TASK ITEM:
In your copy, leave out the pictures; write out all the data exactly.

GIVEN MATERIAL:
━━━━━━━━━━━━━━━━━━━━

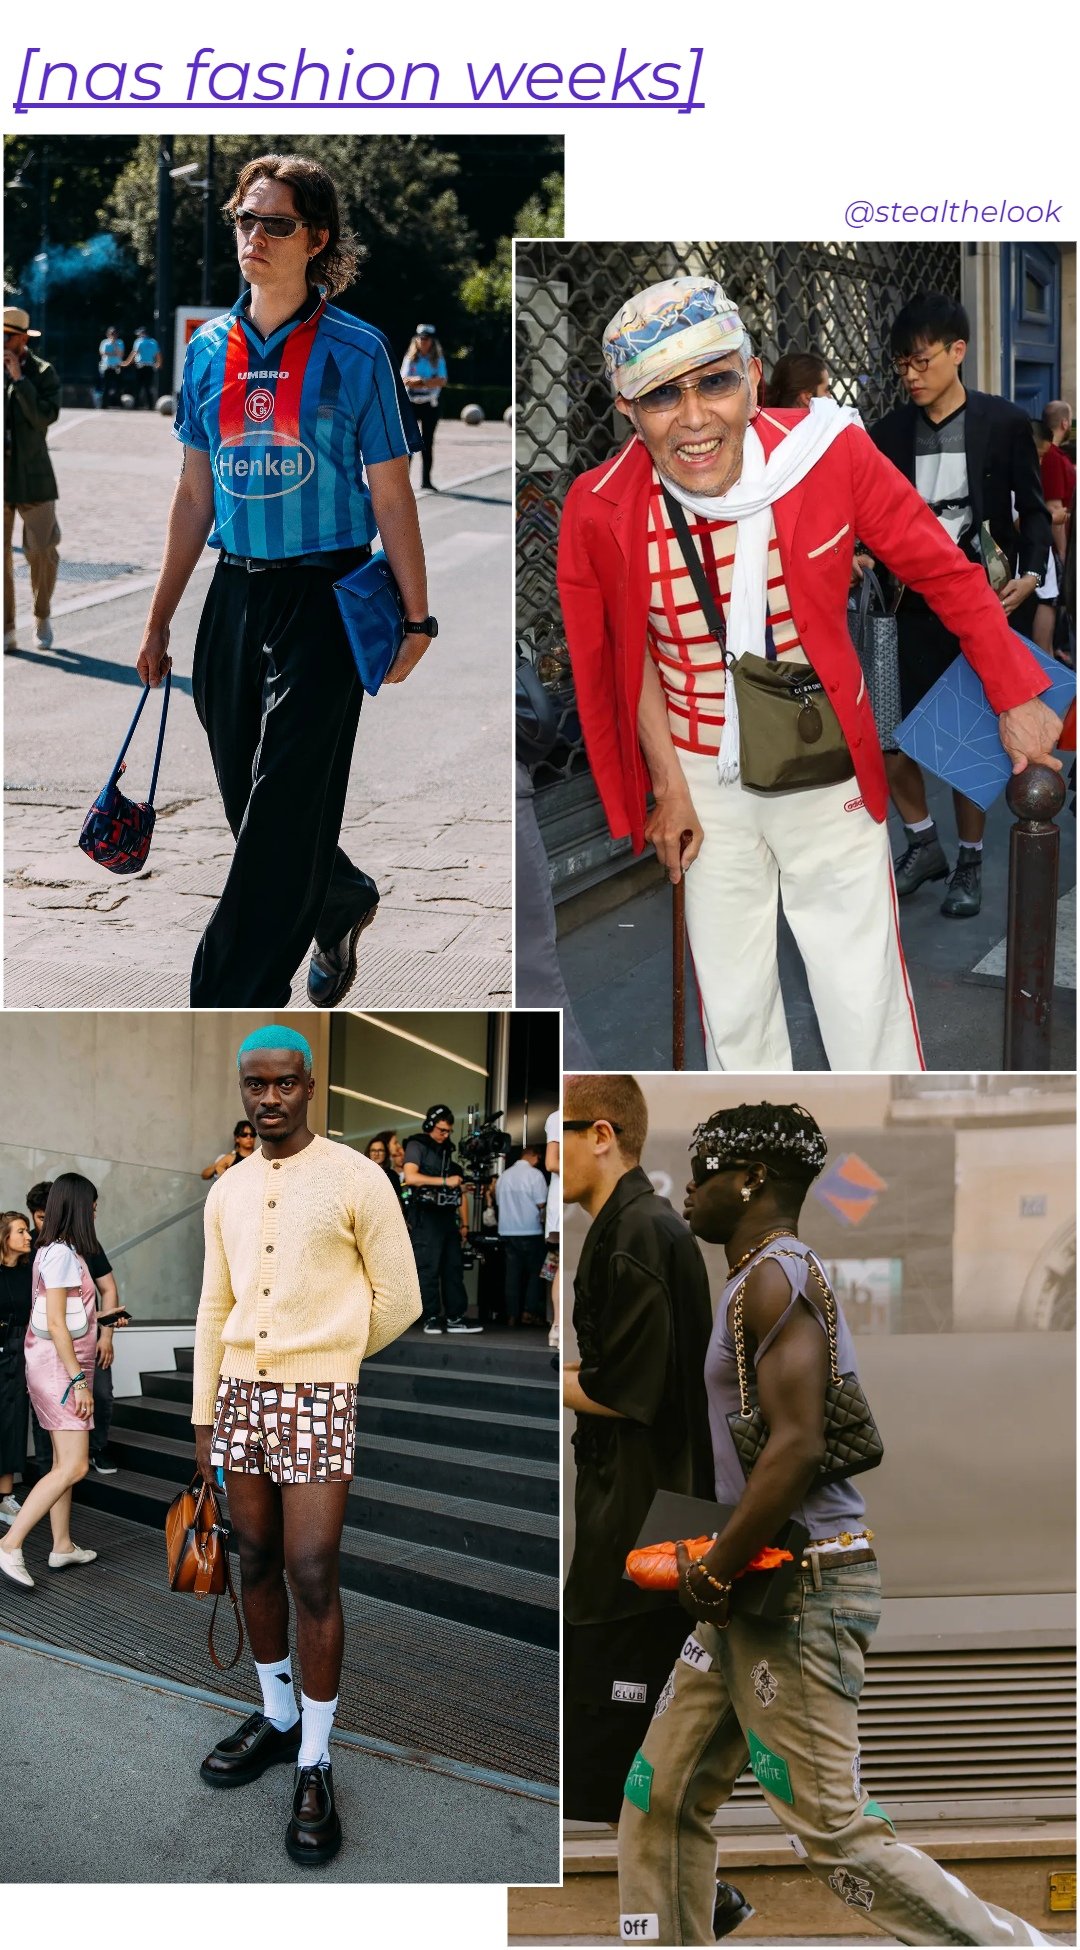 homens  - roupas diversas - homens usando bolsas - verão - colagem de imagens - https://stealthelook.com.br
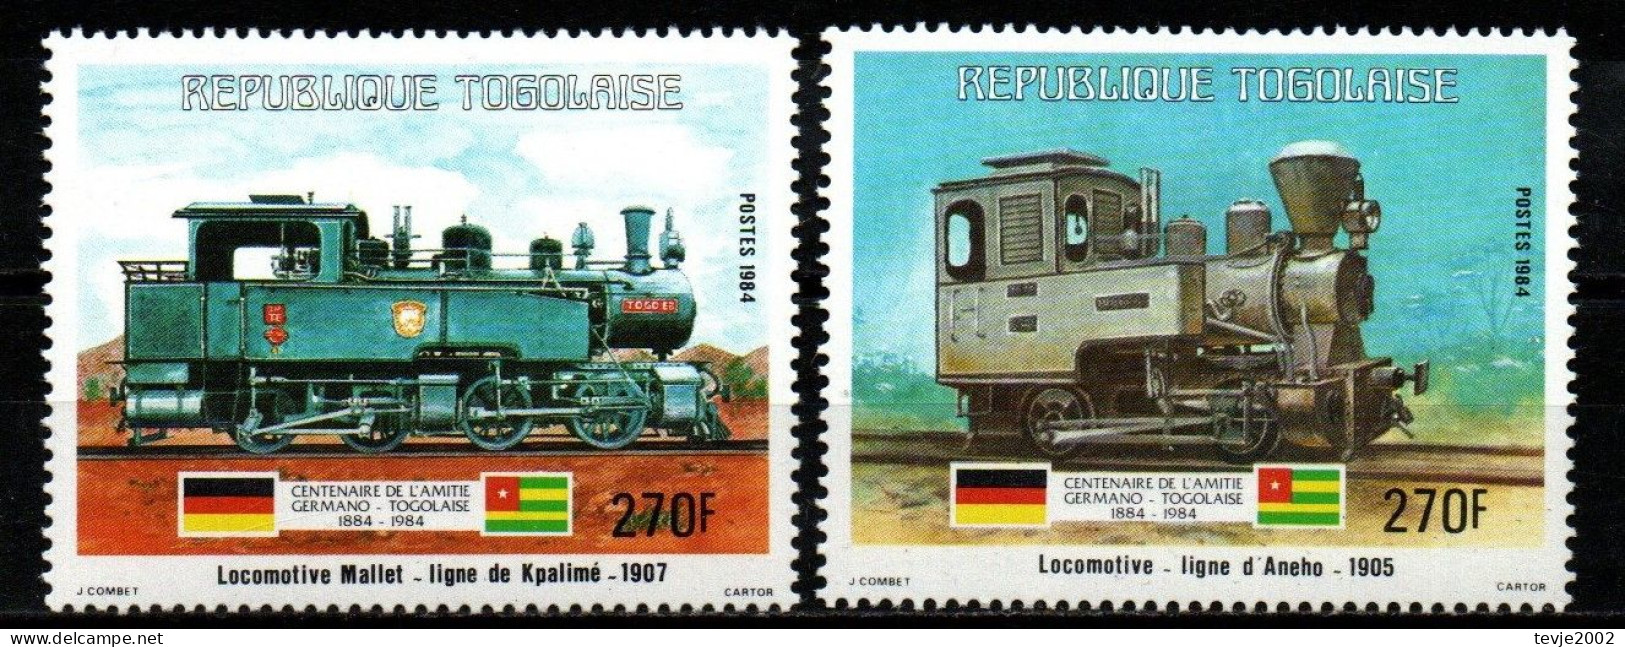 Togo 1984 - Mi.Nr. 1707 + 1708 - Postfrisch MNH - Eisenbahnen Railways Lokomotiven Locomotives - Trains
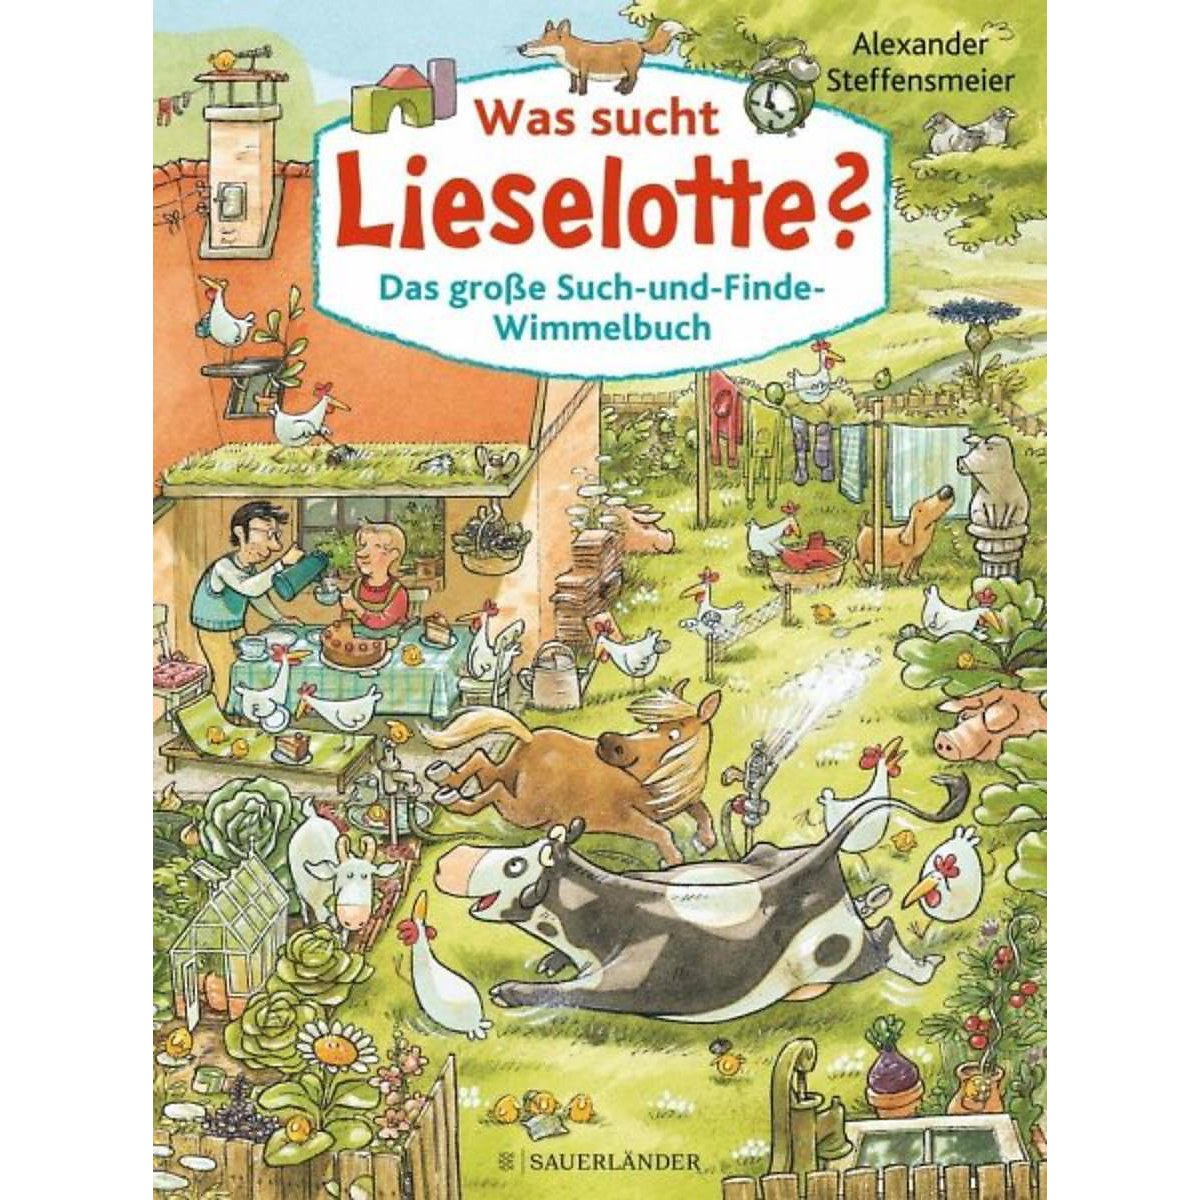 Was sucht Lieselotte? Das große Such-und-Finde-Wimmelbuch

━━━━━━━━━━━━━━━━━━━━

TASK RESULT:
 homens  - roupas diversas - homens usando bolsas - verão - colagem de imagens - https://stealthelook.com.br
 Togo 1984 - Mi.Nr. 1707 + 1708 - Postfrisch MNH - Eisenbahnen Railways Lokomotiven Locomotives - Trains
 Was sucht Lieselotte? Das große Such-und-Finde-Wimmelbuch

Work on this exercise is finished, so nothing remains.